In Mr. Carter’s Quartet No. 2, each instrument is assigned its own character, its own distinctive musical material.  It is a highly conversational piece, rather like a stage play in which the assertions, counterarguments, personality clashes and accords among the characters give the piece its dramatic shape. The first violin, viola and cello each have an extended monologue in the form of a cadenza. There are four movements plus an introduction and a conclusion, but the whole is performed without pause. As always in Mr. Carter’s music, highly refined organization underlies the compositional process, yet the aural impression is one of primal urgency and authentic emotions. It is witty and serious, wild and controlled, fragmented and unified at the same time.
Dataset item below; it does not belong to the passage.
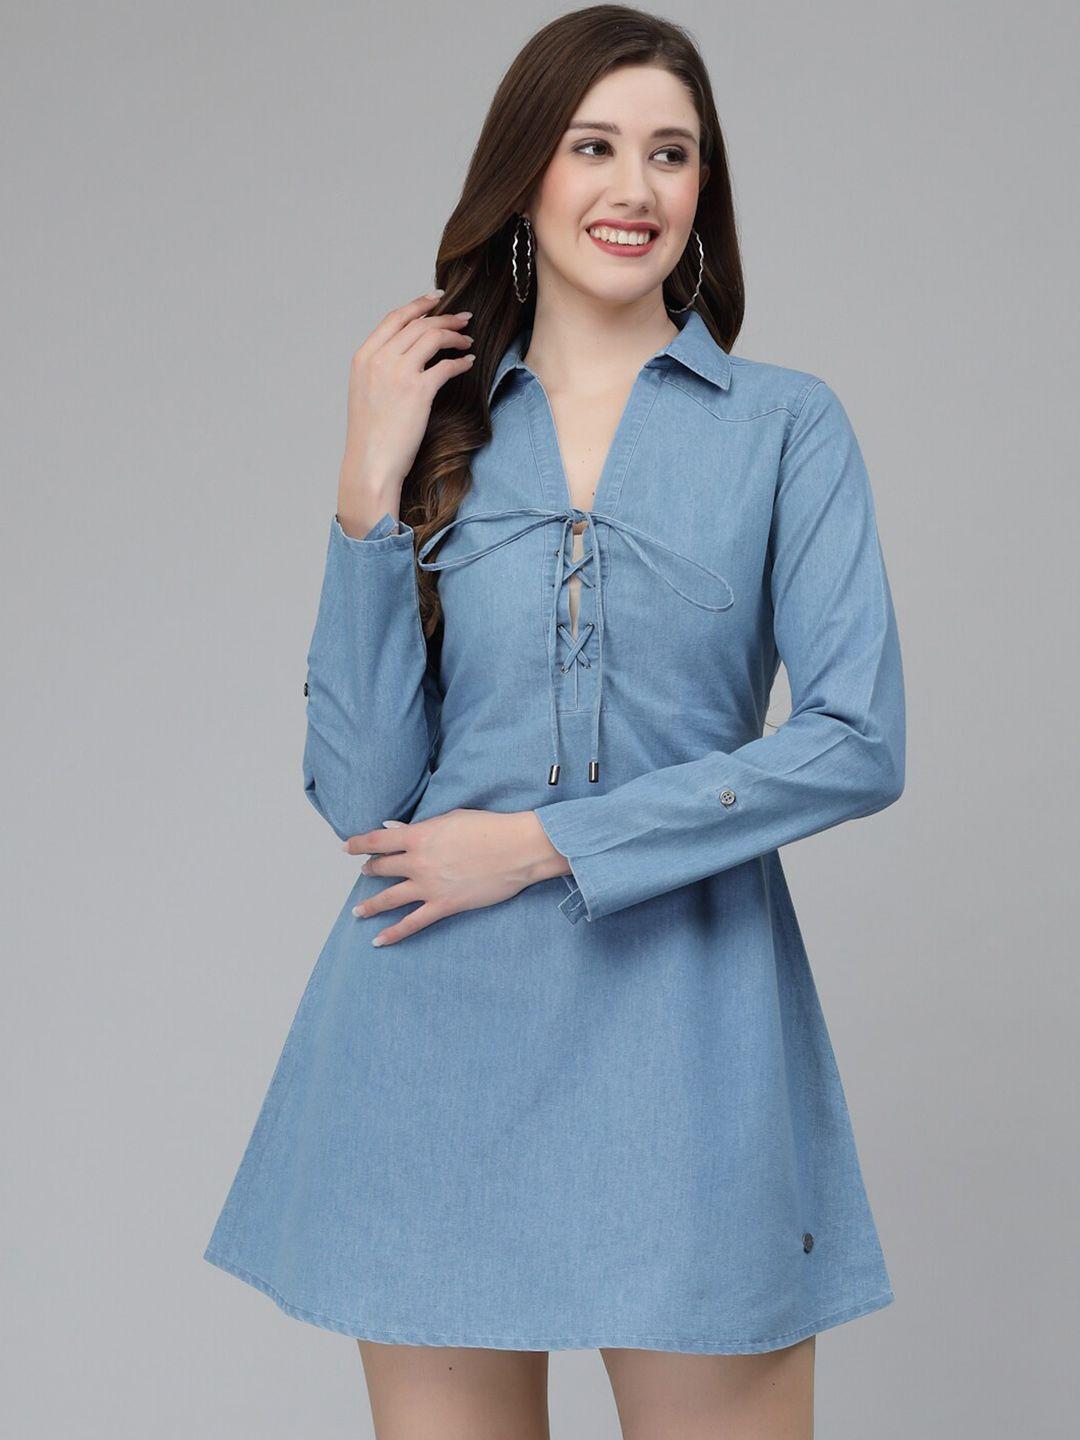 wool trees shirt collar a-line mini dress

The Lafayette’s performance struck me as a trifle cautious, favoring tonal beauty and lyricism (not necessarily the first trait that comes to mind in connection with Mr. Carter, but it’s there) over the pricklier aspects of the piece. The playing was very beautiful, indeed, especially in the cadenzas by violinist Ann Elliot-Goldschmid and violist Joanna Hood, both of whose instruments projected a sense of the human voice throughout the concert. Violinist Sharon Stanis and cellist Pamela Highbaugh Aloni also had outstanding individual moments and contributed greatly to the quartet's ensemble  unity.

Barber’s only string quartet and Tchaikovsky’s Third are known best for their elegiacal slow movements -- Barber’s famous adagio a prayer of healing tenderness, Tchaikovsky’s andante funebre e doloroso a despairing access of plangent weeping. Both were splendidly delivered. Creamy chordings, alert interplay, gleaming tone and taut ensemble were the order of the day.

Postscript: The Pacifica Quartet, a champion of Mr. Carter's string quartets, played No. 5 during a 2005 visit and is scheduled to return to the San Antonio Chamber Music Society next season. Also on the series: the American String Quartet, the Morgenstern Trio, Red Priest (a British baroque ensemble) and the Vienna Trio. Season tickets are a modest $100, or a scandalously cheap $75 for people age 65 and older.